In one recent effort, researchers at Northwestern University have applied machine learning to electronic health records to produce a more granular, day-to-day analysis of pneumonia in an intensive care unit (ICU), where patients received assistance breathing from mechanical ventilators. The analysis, published 27 April in the Journal of Clinical Investigation, includes clustering of patient days by machine learning, which suggests that long-term respiratory failure and the risk of secondary infection are much more common in COVID-19 patients than the subject of much early COVID fears—cytokine storms.

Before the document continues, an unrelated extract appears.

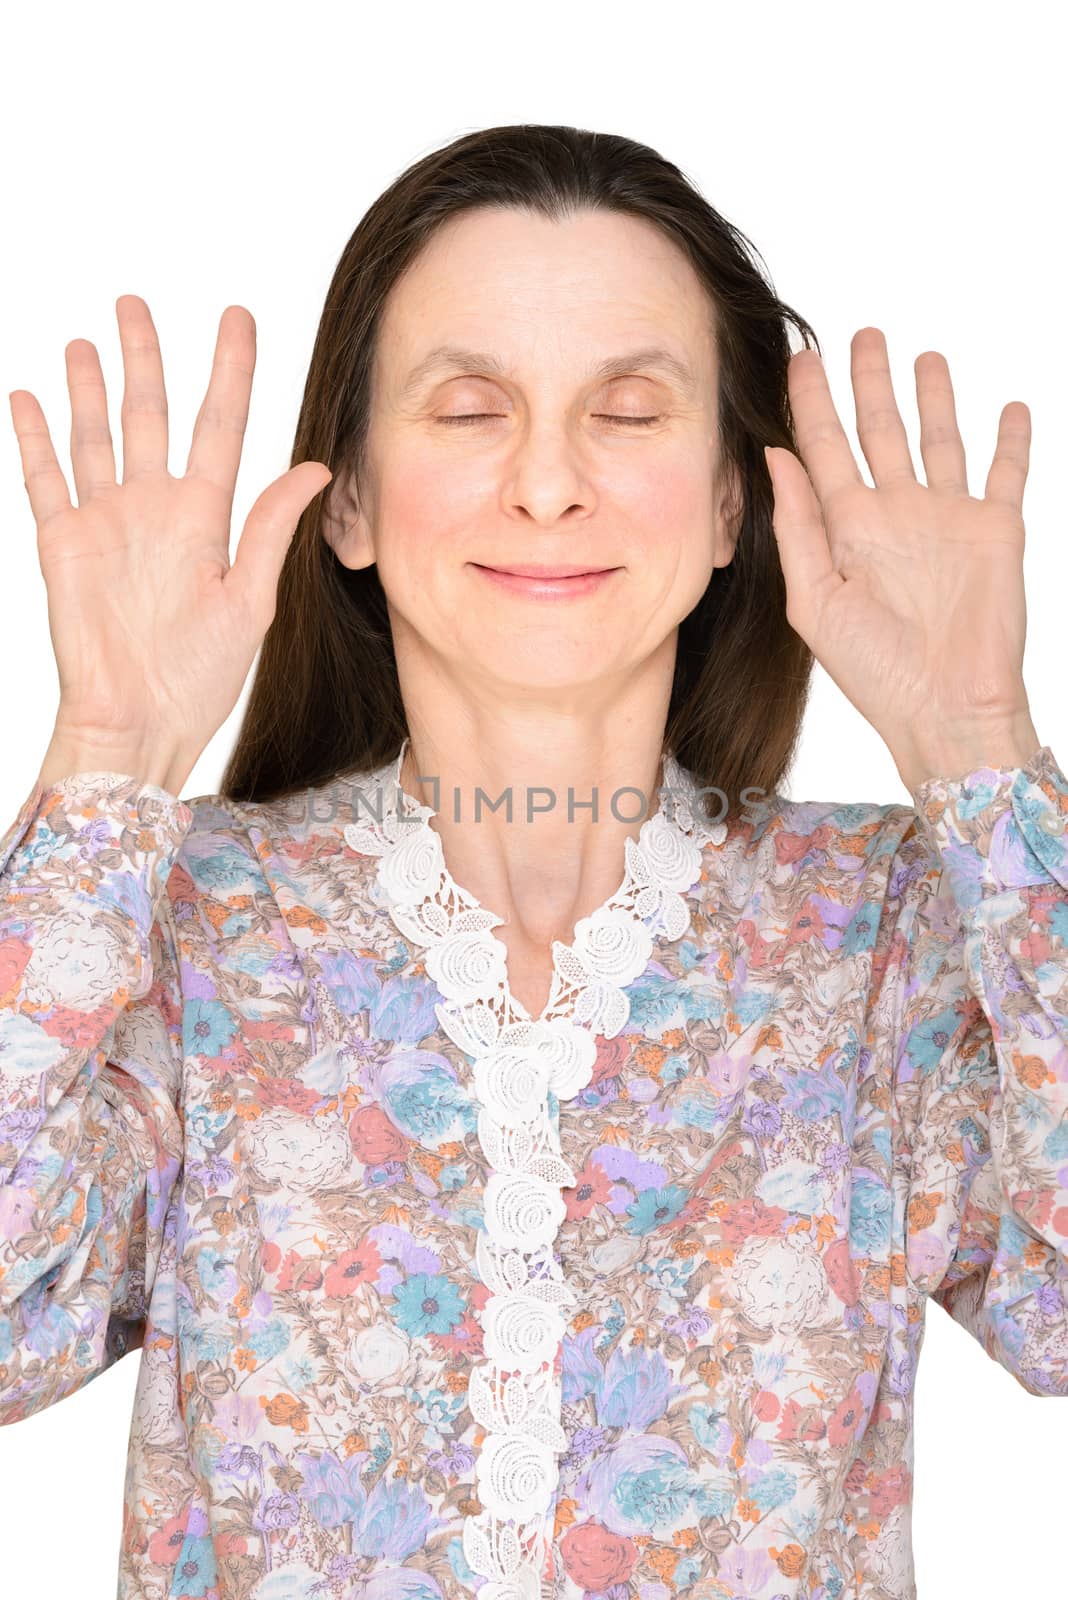 Smiling woman with closed eyes and open hands up showing the palms close to the face to express a lack of interest
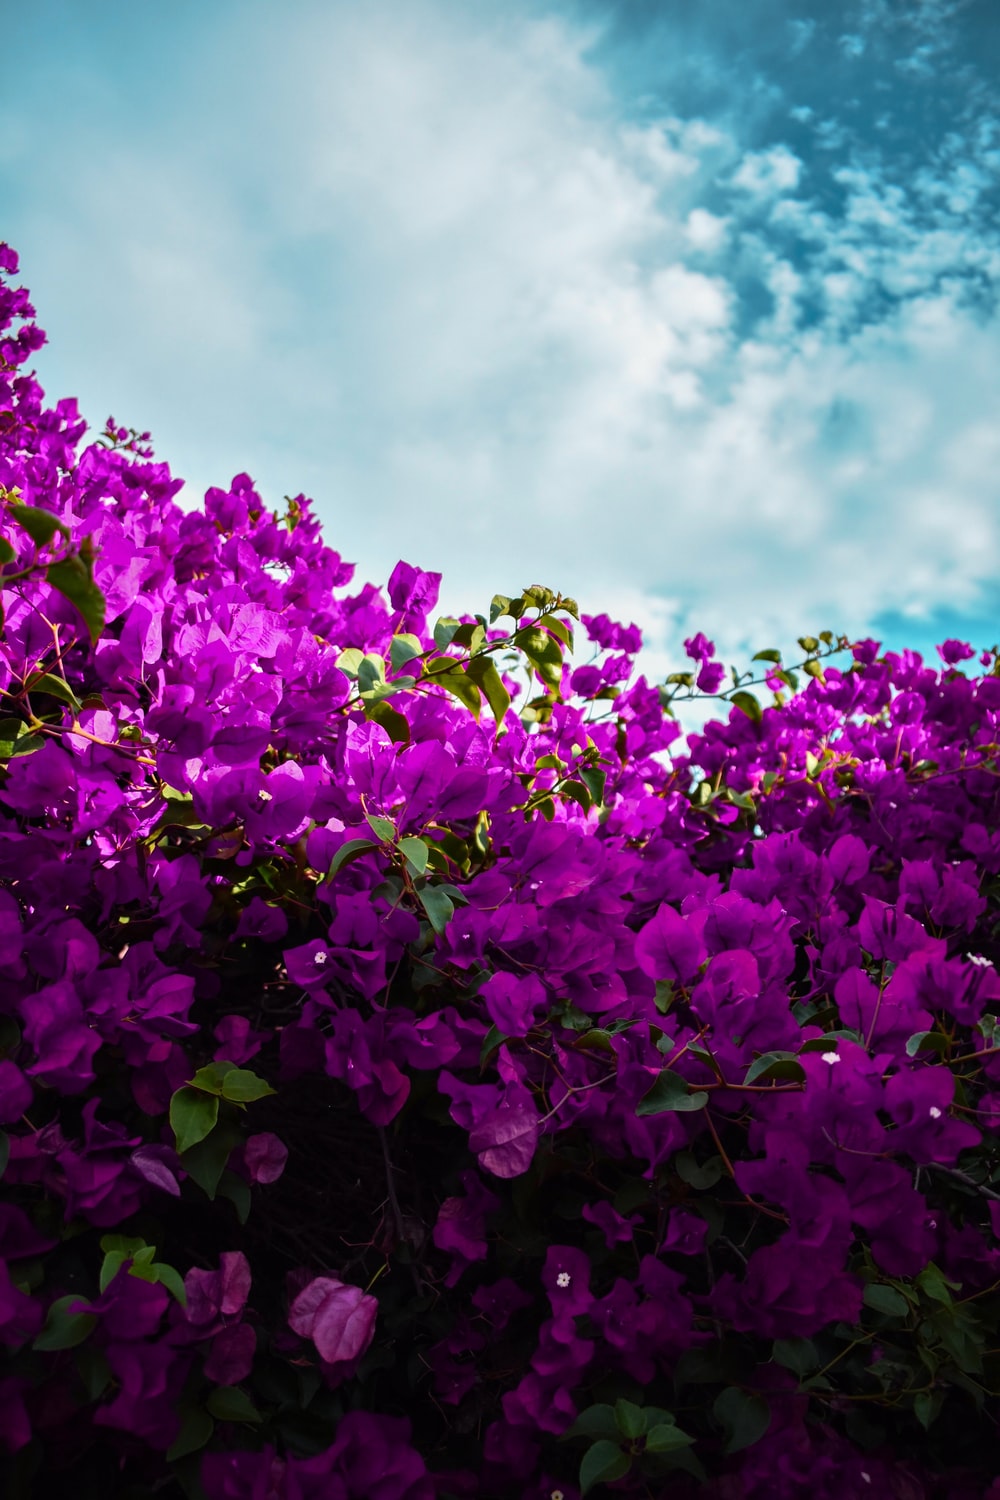 Purple Flower Picture. Download Free Image

“Most methods that approach data analysis in the ICU look at data from patients when they’re admitted, then outcomes at some distant time point,” said Benjamin D. Singer, a study coauthor and associate professor at Northwestern’s Feinberg School of Medicine. “Everything in the middle is a black box.”

The hope is that AI can make new clinical findings from daily ICU patient status data beyond the COVID-19 case study.

The day-wise approach to the data led researchers to two related findings: Secondary respiratory infections are a common threat to ICU patients, including those with COVID-19; and a strong association between COVID-19 and respiratory failure, which can be interpreted as an unexpected lack of evidence for cytokine storms in COVID-19 patients. An eventual shift to multiple-organ failure might be expected if patients had an inflammatory cytokine response, which the researchers did not find. Reported rates vary, but cytokine storms have since the earliest days of the pandemic been considered a dangerous possibility in severe COVID-19 cases.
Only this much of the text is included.